Yukarıda tablolarda ayrıntılarıyla belirttiğimiz gibi resmi verilere göre; SGK, sigortalılarına sunduğu sağlık hizmetleri için tüm özel sağlık hizmet sunucularına aylık yaklaşık 1 Milyar TL olarak ödeme yapmaktadır. Ayrıca özel sağlık kuruluşları hastalardan %200 ve ötesi ilave ücret almaktadır. Bunun anlamı özel sağlık kuruluşları sundukları hizmet karşılığı aylık SGK’dan 1 Milyar, hastaların cebinden ise 2 Milyar TL almaktadır.

 SGK, SUT kapsamında özel hastane, üniversite hastanesi veya Sağlık Bakanlığı hastanelerinden aldığı sağlık hizmetleri için hizmet başı ödeme, paket fiyat ödeme veya her iki yöntemin kullanıldığı karma ödeme ile götürü usulü global bütçe ödemesi yöntemlerini uygulamaktadır.
Şu anda tercih edilen usul; Sağlık Bakanlığı ve  üniversite hastanelerinde global bütçe uygulaması, özel sektörde ise SUT kapsamında belirlenen işlem ücretlerine göre düzenlenen fatura karşılığı ödeme yapılmasıdır.

Özetlersek;

AKP iktidarının koruyucu ve kamusal sağlık sistemini çökertme pahasına koruyup kolladığı ve özenle büyüttüğü özel sağlık sektörü, COVİD-19 pandemi mücadelesinin daha başlangıcında havlu atmıştır. 

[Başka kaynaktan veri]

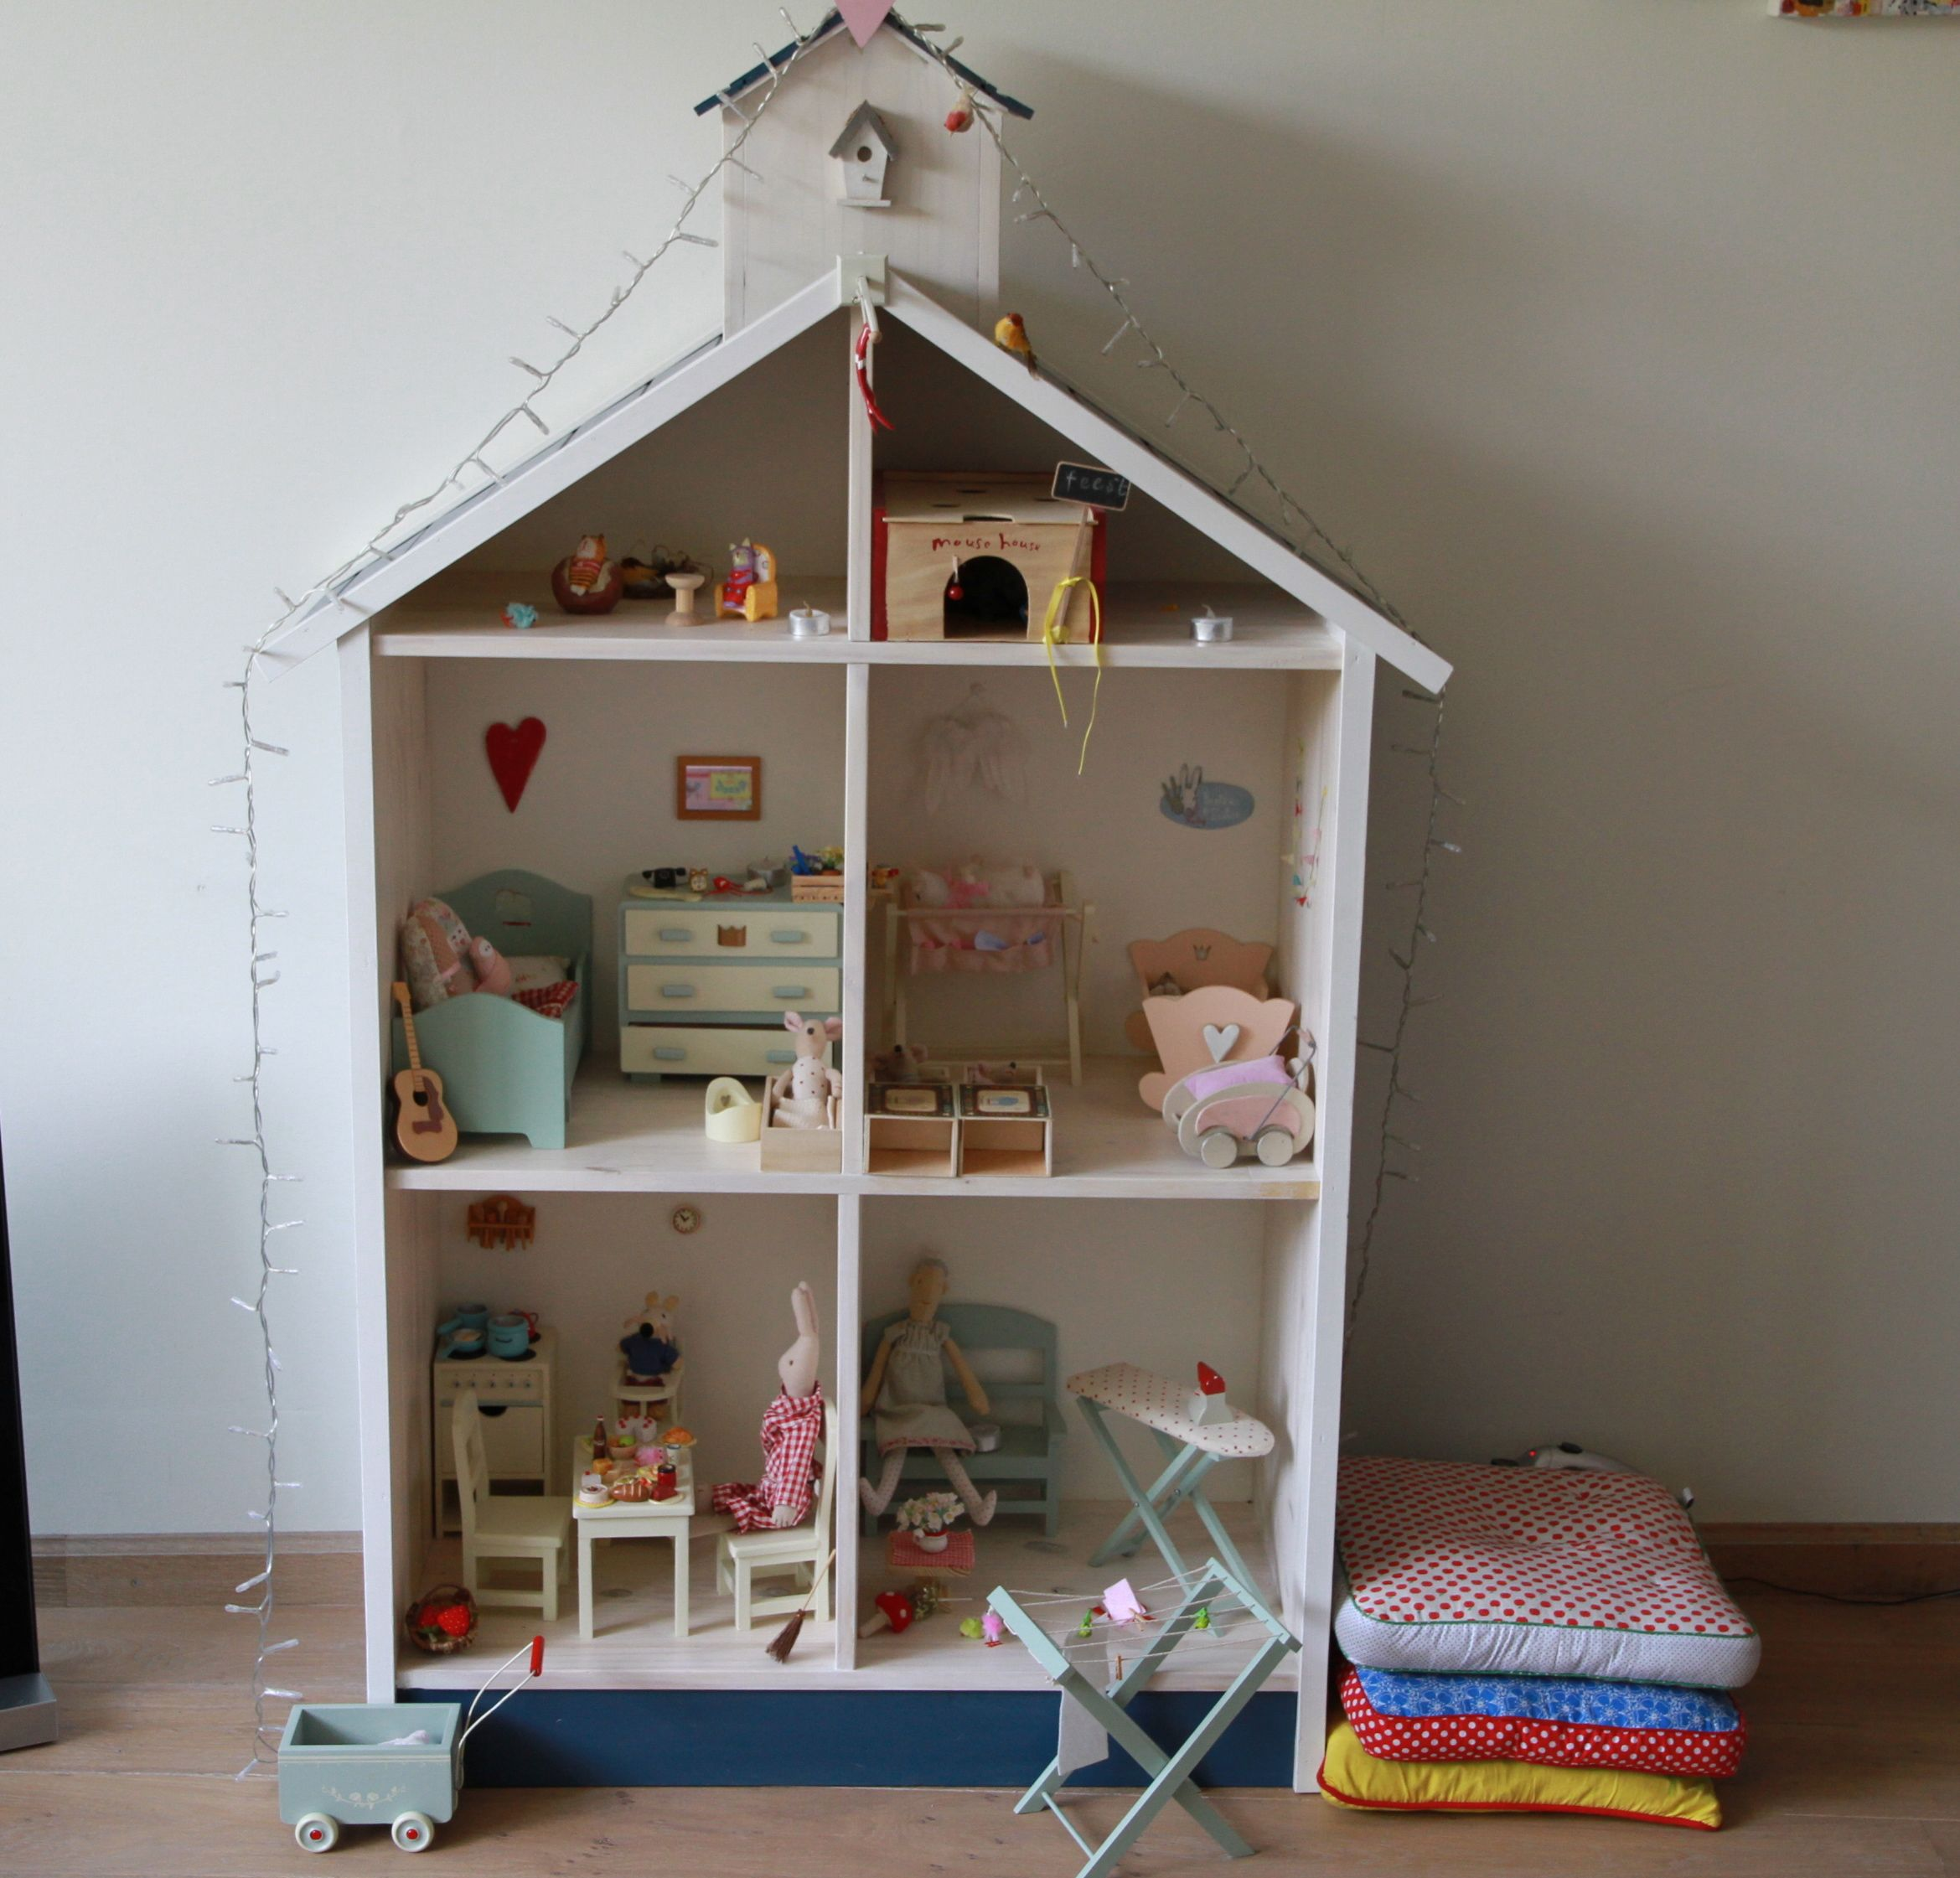 Puppenhaus puppenhaus puppen puppenstube und haus - Puppenhaus basteln ...

Yılardır hastalardan %200 ve ötesi ilave ücret alan ve ancak şimdilerde pandemi nedeniyle elektif vaka başvurularının azalması nedeniyle gelirleri azalınca alanın temsilcisi, Özel Hastaneler ve Sağlık Kuruluşları Derneği Genel Başkanı Reşat Bahat’ın ağzından “Devlet bize el koysun, artık bu yükün altından kalkamıyoruz’’ açıklaması yapmaktadırlar.
Bazı özel hastanelerin COVİT-19 tanısı alan yatan hastalar ile test yaptırmak isteyenlerden ücret talep ettiği ve ayrıca özel sağlık kuruluşlarında çalışan hekim ve sağlık çalışanları işten çıkarılma, ücretlerinin azaltılması tehditi yanında aynı zamanda bu salgın döneminde kişisel koruyucu ekipman ve hijyen malzemesi verilmeyerek veya eksik verilerek korunaksız bırakıldığı bilinmektedir.
Sonuç olarak; Ülkemizde pandemi ilan edilmesine ve olağandışı bir döneme girilmesine ve sahada sorunlar yaşanmasına karşın SGK’nın hiç sesi çıkmamaktadır. Pandemi döneminde sağlık çalışanları ve hastalar piyasanın ve hastane patronlarının insafına terk edilemez. Ortaya çıkan ve yaşanan sorunların çözümü vardır.
 Sosyal Güvenlik Kurumuna ve sorulara muhatap olan Sağlık Bakanına çözüm önerimizdir.
Finansmanı sağlanacak sağlık hizmetlerinin teşhis ve tedavi yöntemleri ile sağlık hizmetlerinin türlerini, miktarlarını ve kullanım sürelerini, ödeme usul ve esaslarını belirlemeye Sağlık Bakanlığı değil Sosyal Güvenlik Kurumu yetkilidir. Bu nedenle çözüm önerilerimizi SGK ve sağlık giderleri karşılanmak için yayımlanan Sağlık Uygulama Tebliği (SUT) üzerinden yapmaktayız.
1-       Genel sağlık sigortası, kişilerin öncelikle sağlıklarının korunmasını, sağlık riskleri ile karşılaşmaları halinde ise oluşan harcamaların finansmanını sağlayan sigortayı içermektedir.
Sayıştay raporlarında genel sağlık sigortası fon gelirlerinin genel sağlık sigortası kapsamında sağlanan sağlık hizmetlerini karşılamak için yeterli geldiği belirtilmektedir. Ancak, SGK genel sağlık sigortası fon varlığında kalması ve sağlık hizmetleri için kullanılması gereken fon varlığını ise kanunun açık hükmüne rağmen açıkları kapatmak için sosyal sigorta fonuna aktarmıştır.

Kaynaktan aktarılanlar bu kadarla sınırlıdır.